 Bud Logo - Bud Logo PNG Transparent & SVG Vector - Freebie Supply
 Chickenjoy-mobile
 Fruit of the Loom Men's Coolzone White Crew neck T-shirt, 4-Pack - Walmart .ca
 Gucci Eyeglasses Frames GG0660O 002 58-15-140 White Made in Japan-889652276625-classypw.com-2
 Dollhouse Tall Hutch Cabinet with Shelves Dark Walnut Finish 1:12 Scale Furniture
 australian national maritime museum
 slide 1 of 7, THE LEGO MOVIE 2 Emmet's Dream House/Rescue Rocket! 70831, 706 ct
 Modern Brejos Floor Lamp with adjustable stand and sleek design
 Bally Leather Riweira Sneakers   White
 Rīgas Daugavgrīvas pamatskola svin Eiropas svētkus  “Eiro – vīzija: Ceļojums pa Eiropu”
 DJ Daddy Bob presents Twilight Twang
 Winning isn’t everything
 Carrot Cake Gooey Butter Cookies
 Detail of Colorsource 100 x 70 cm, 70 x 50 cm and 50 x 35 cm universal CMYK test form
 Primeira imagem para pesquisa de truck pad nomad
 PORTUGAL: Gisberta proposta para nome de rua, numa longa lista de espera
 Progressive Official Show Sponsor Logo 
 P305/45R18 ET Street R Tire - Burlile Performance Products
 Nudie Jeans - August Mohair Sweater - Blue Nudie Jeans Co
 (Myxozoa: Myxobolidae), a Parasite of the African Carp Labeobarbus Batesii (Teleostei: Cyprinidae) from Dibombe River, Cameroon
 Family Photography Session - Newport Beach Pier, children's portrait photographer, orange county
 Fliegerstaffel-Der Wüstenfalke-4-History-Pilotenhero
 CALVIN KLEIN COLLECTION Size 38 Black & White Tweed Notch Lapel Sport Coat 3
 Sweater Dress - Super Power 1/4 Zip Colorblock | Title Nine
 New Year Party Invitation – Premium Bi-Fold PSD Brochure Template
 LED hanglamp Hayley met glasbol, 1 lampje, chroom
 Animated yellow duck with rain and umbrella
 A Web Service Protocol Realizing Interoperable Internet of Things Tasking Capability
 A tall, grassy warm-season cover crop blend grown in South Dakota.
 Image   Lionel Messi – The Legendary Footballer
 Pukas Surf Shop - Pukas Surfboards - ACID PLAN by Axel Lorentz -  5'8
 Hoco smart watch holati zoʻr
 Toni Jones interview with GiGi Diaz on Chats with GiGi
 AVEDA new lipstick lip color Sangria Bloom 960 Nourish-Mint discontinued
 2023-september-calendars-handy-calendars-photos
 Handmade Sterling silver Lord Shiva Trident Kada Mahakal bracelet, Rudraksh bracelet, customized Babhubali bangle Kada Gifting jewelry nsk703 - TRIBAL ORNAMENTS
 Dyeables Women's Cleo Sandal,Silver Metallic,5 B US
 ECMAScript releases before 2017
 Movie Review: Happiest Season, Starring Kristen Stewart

****************************************

§ The problem:
I need every line from the material that contains the word "Sweater".

§ Problem solution:
 Nudie Jeans - August Mohair Sweater - Blue Nudie Jeans Co
 Sweater Dress - Super Power 1/4 Zip Colorblock | Title Nine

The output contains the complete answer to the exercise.